Kapenta is a kind of fish similar to a minnow. We buy them dried at the market (with their eyeballs and everything). To cook them, we fry them on the stove with some spices and then eat them with our nshima. The eyeballs remain on the fish.

While at the market, we shopped for the ingredients to make the aforesaid foods. The experience was quite enjoyable until the drunken men showed up.

Thankfully, the Zambians are extremely protective people. They don’t tolerate anyone being bothered or bullied. Therefore, when the drunken men wouldn’t cease begging from us and getting in our faces, a handful of men quickly noticed and called them off.

Upon arriving home from Masala, Zenia quickly put Mom and I to work tearing pumpkin leaves and dicing vegetables for supper.

After much observation and participation in preparing the meal, I don’t think I could recreate it without some help, but I felt like I did learn a lot about the Zambian way of cooking and enjoyed a fun afternoon in the kitchen with my mom and Zenia.

The meal turned out very tasty. I admit the kapenta was not my favorite dish (it was a little too fishy for my taste) but it wasn’t bad. Overall, the meal was a hit.

We continue to build our relationships with the neighbor kids that come to play. I believe we can refer to them all by name now and have studied enough Bemba to communicate during a friendly game of “futball.” We’ve also enjoyed all the things they’ve had to say about us.

One of them told me this week that my skin was “as soft as a tomato,” and they can’t believe my hair is natural and not a wig. They had to play with it and touch it themselves before I think they were convinced.

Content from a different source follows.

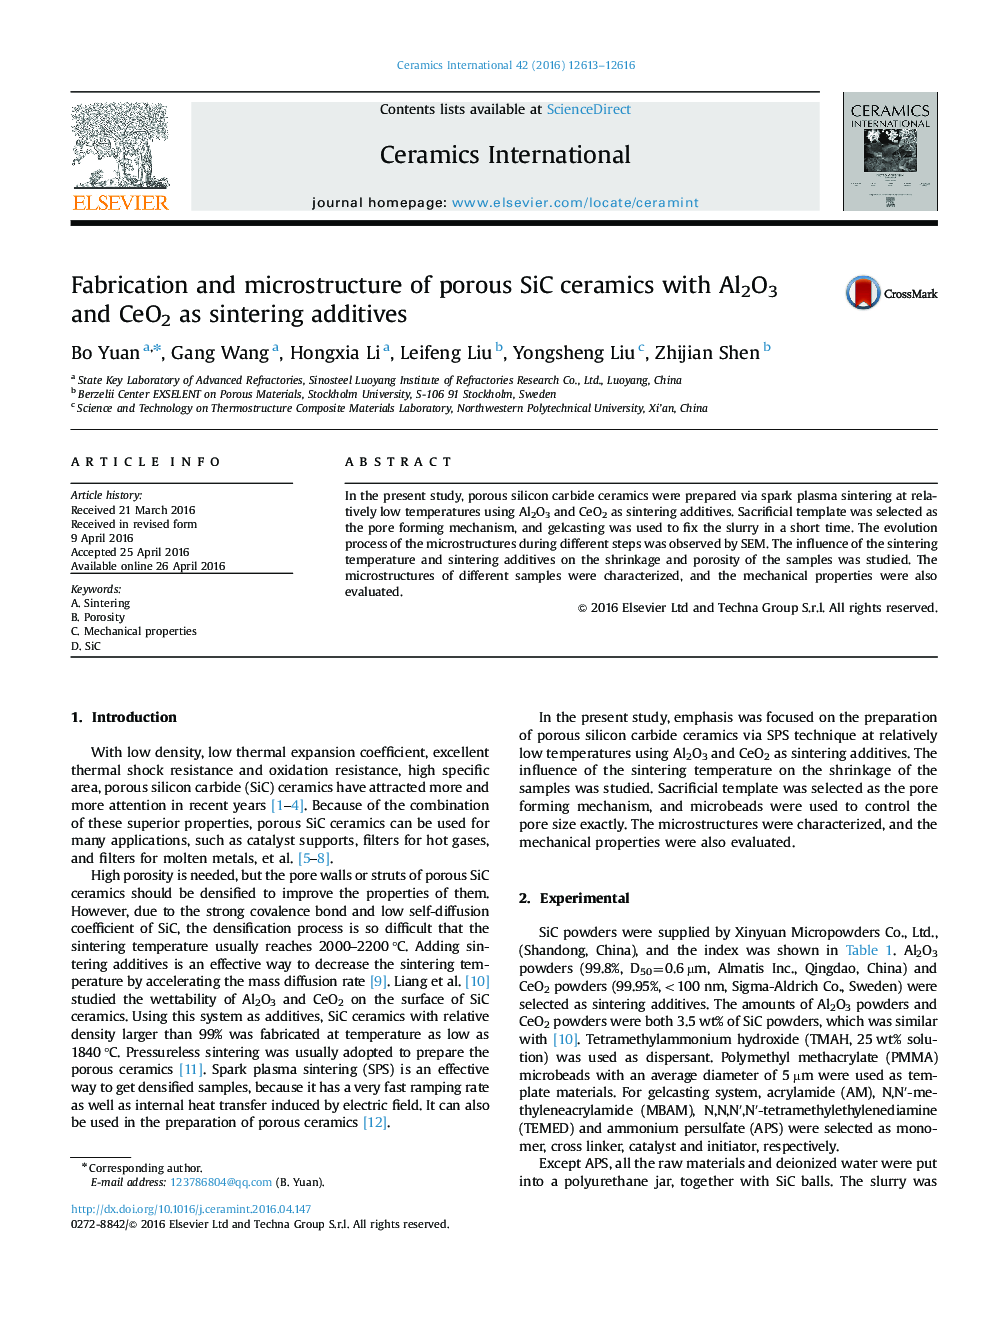 Fabrication and microstructure of porous SiC ceramics with Al2O3 and CeO2 as sintering additives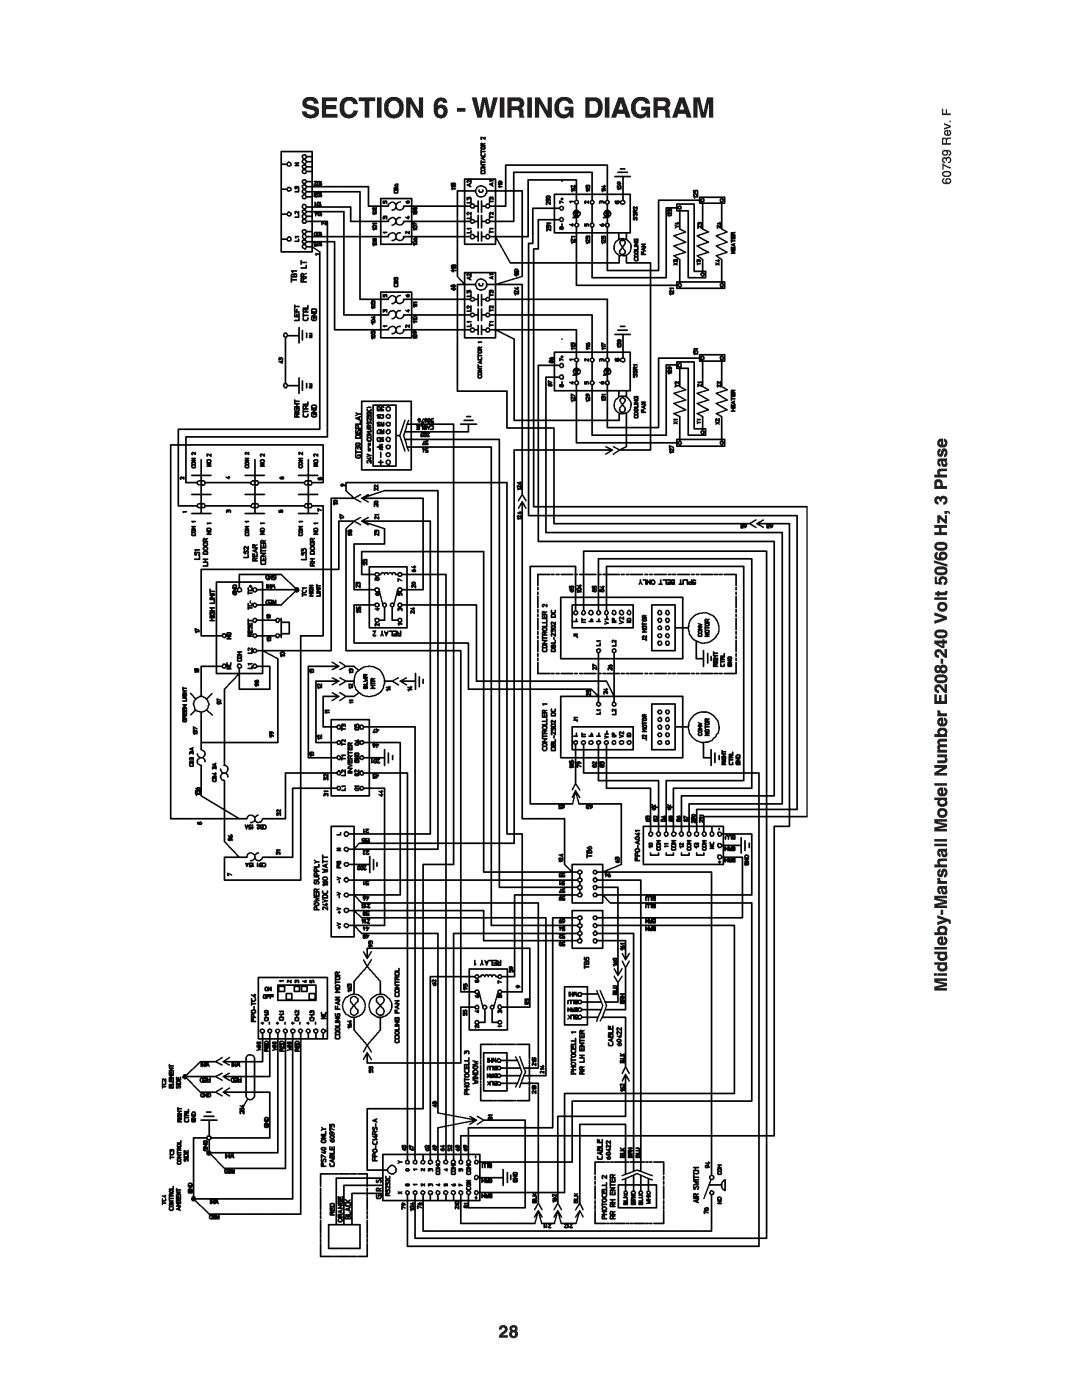 Middleby Marshall PS740E installation manual Wiring Diagram, Middleby-Marshall Model Number E208-240 Volt 50/60 Hz, 3 Phase

As for Wiphan, we have visited a few times as a family and my dad on a couple of other occasions. We have enjoyed it each time we have visited, having the opportunity to meet and greet the children and staff. I anticipate writing more about Wiphan in my next article.

To conclude, I just want to say what an exciting opportunity it is for me to write my story and share it with you. I hope these stories are an encouragement for all of you.